# [ASSIGNMENT]
Which lines of the material hold the word "March"? Copy each one.

# [RECORDED INFORMATION]
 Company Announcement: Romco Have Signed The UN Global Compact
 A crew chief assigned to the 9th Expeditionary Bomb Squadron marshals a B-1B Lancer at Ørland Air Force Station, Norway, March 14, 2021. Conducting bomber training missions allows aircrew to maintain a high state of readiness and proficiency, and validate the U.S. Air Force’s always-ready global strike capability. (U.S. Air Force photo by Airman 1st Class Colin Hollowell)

--

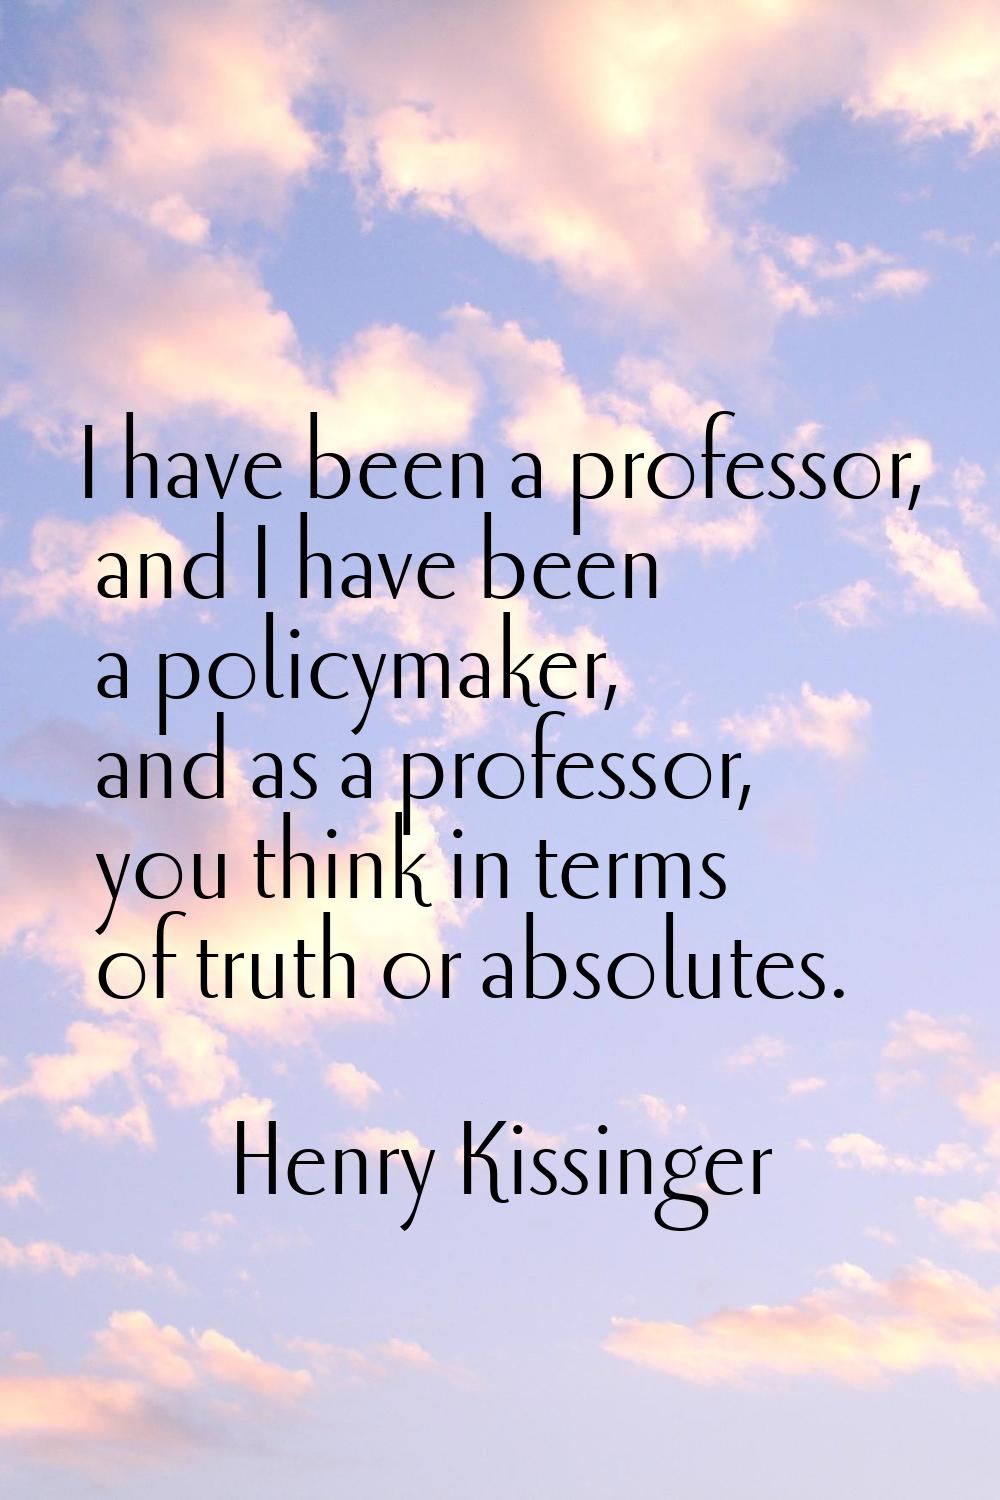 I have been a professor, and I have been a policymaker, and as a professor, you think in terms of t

==

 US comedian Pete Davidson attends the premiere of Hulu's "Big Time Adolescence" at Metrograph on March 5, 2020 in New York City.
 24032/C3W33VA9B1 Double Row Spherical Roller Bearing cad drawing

# [COMPLETED TASK]
 A crew chief assigned to the 9th Expeditionary Bomb Squadron marshals a B-1B Lancer at Ørland Air Force Station, Norway, March 14, 2021. Conducting bomber training missions allows aircrew to maintain a high state of readiness and proficiency, and validate the U.S. Air Force’s always-ready global strike capability. (U.S. Air Force photo by Airman 1st Class Colin Hollowell)
 US comedian Pete Davidson attends the premiere of Hulu's "Big Time Adolescence" at Metrograph on March 5, 2020 in New York City.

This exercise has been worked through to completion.